Further, as the austenitic stainless steel forming the outer layer 62, those other than SUS304 can be used, but it is preferable to use the one having high extensibility as in the above aluminum alloy. The plastic deformation rate in the cold drawing can be appropriately selected in consideration of the mechanical properties of the material forming the inner layer 61 and the outer layer 62. The developing roll sleeve of the present invention is particularly effective as a sleeve rotation type developing means for a high-speed machine equipped with an amorphous silicon type photosensitive member.

[0024]

EFFECTS OF THE INVENTION Since the present invention has the structure and operation as described above, the following effects can be obtained. (1) Since the outer layer is made of high-hardness austenitic stainless steel, wear resistance and durability can be improved. (2) The rough surface can be maintained for a long period of time even when the outer layer is roughened to improve the transportability of the developer. (3) The inner and outer layers are in perfect contact with each other with no inclusions, so they are conductive and there is no problem in applying the bias voltage. (4) The inner layer is made of an aluminum alloy that has a low specific gravity and is inexpensive, which enables weight reduction and cost reduction.

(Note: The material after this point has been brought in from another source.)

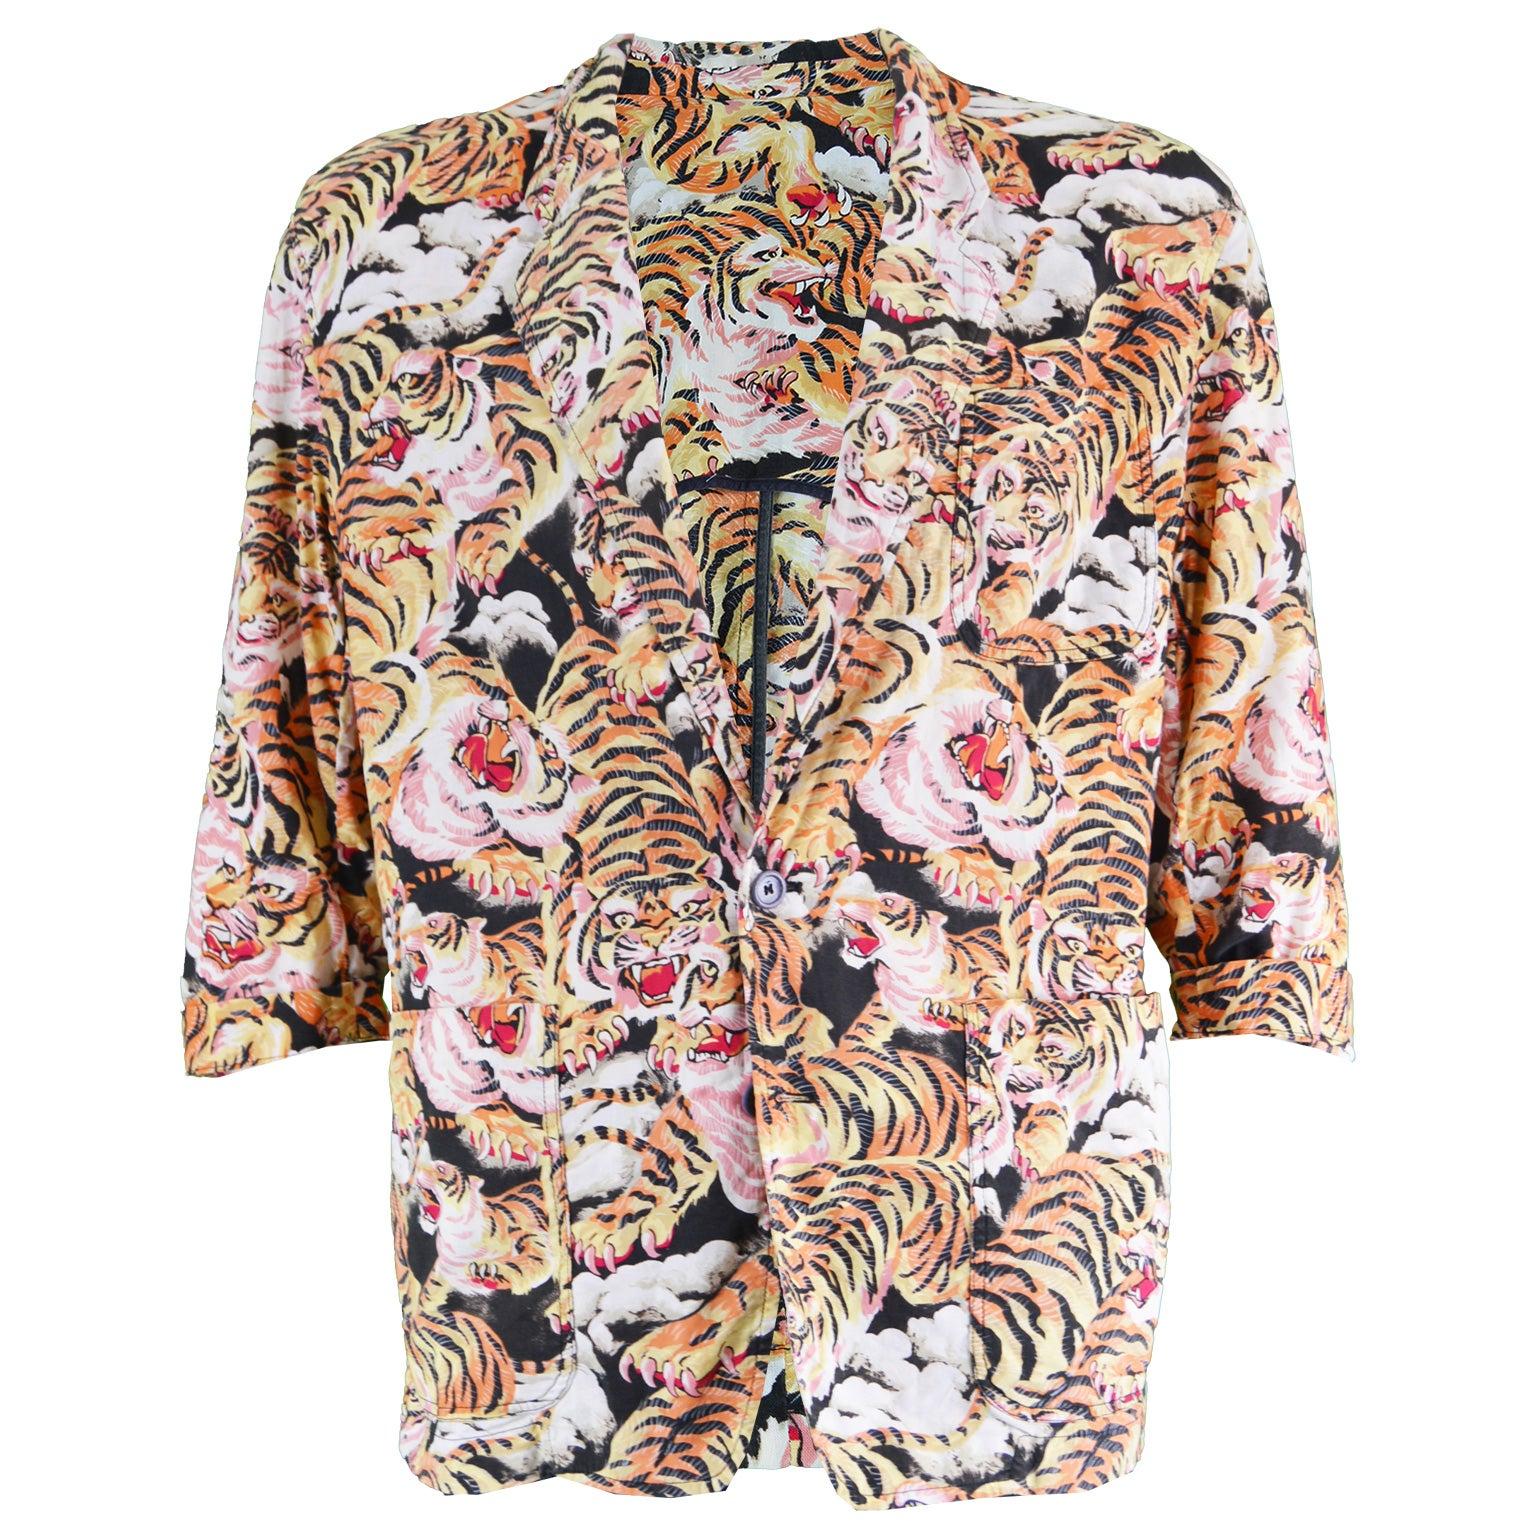 ee7542ff Kenzo Men's Vintage Iconic Flying Tiger Print Cotton Blazer Jacket, 1980s  For Sale at 1stdibs
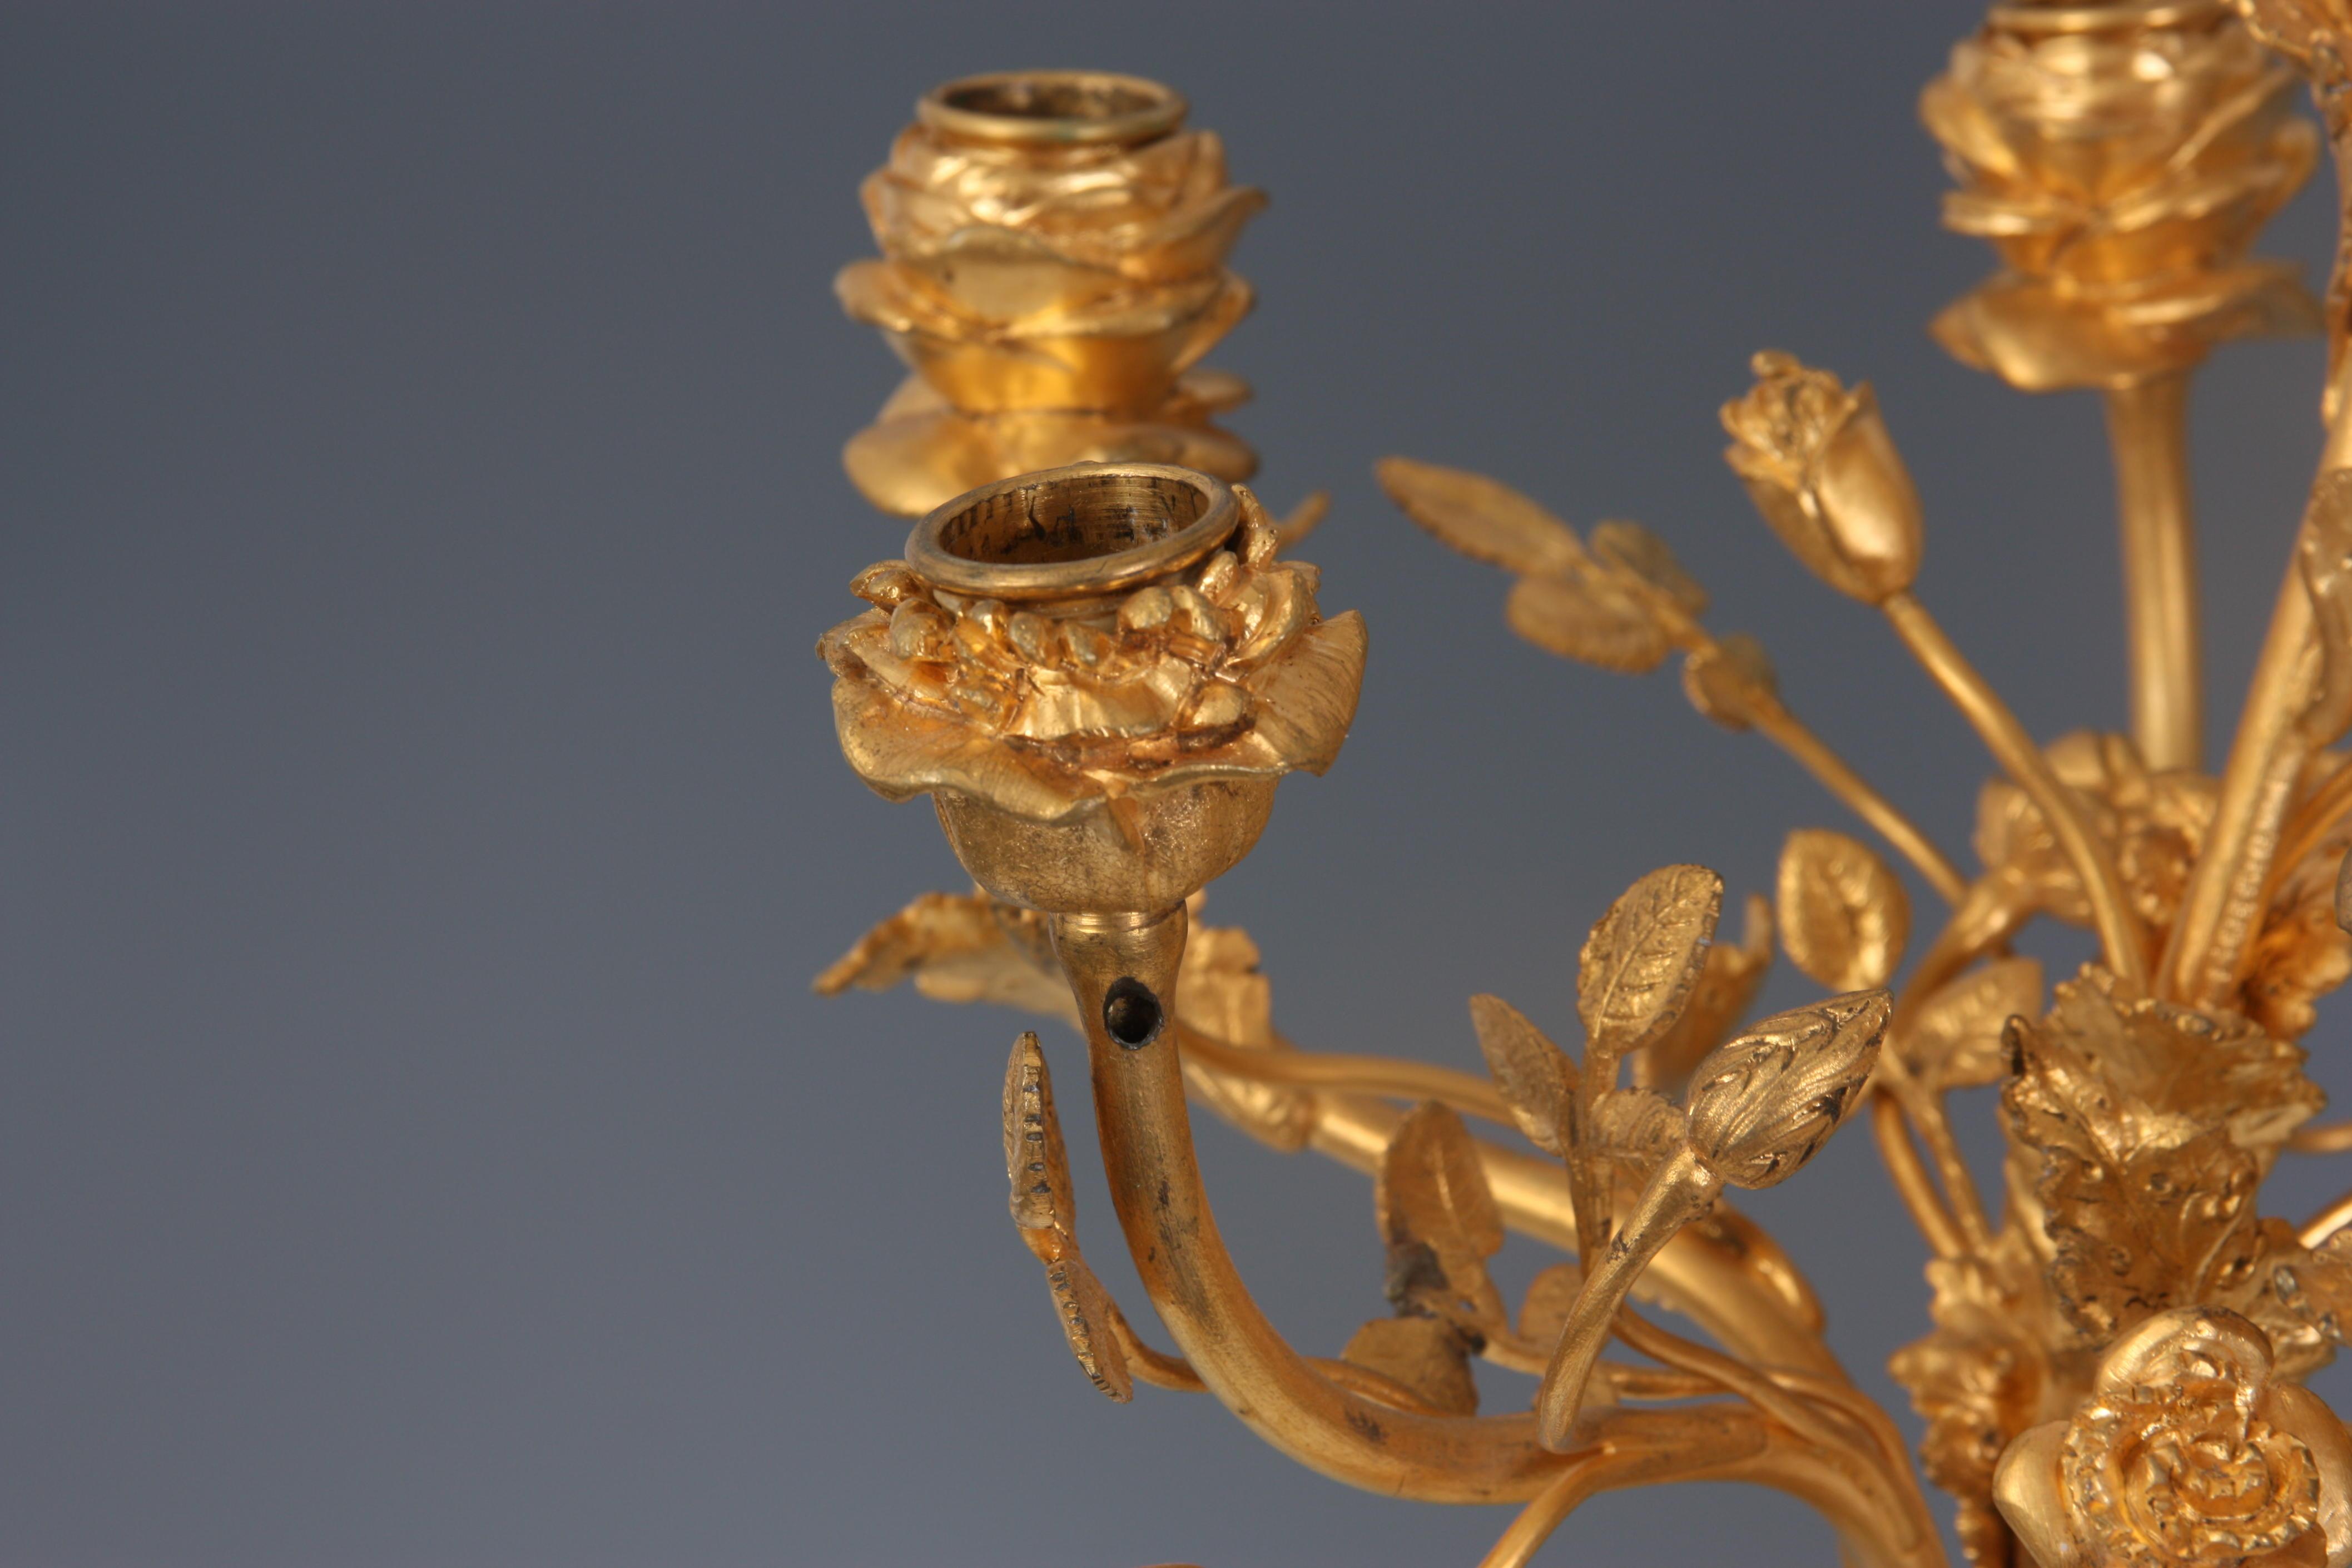 Ornate rams head photo

[Brief description of drawings]

FIG. 1 is a partially omitted vertical cross-sectional view showing an embodiment of the present invention.

FIG. 2 is a partially omitted vertical sectional view showing an example of a conventional developing roll.

[Explanation of symbols]

 6 Sleeve 61 Inner layer 62 Outer layer

Claims (1)

[Claims] 1. A sleeve for a developing roll, which is formed in a hollow cylindrical shape and has a plurality of magnetic poles extending in the axial direction on its outer peripheral surface and rotatably incorporated therein. The developing roll sleeve is characterized in that the outer layer is formed of austenitic stainless steel, and the inner layer and the outer layer are integrated by plastic working.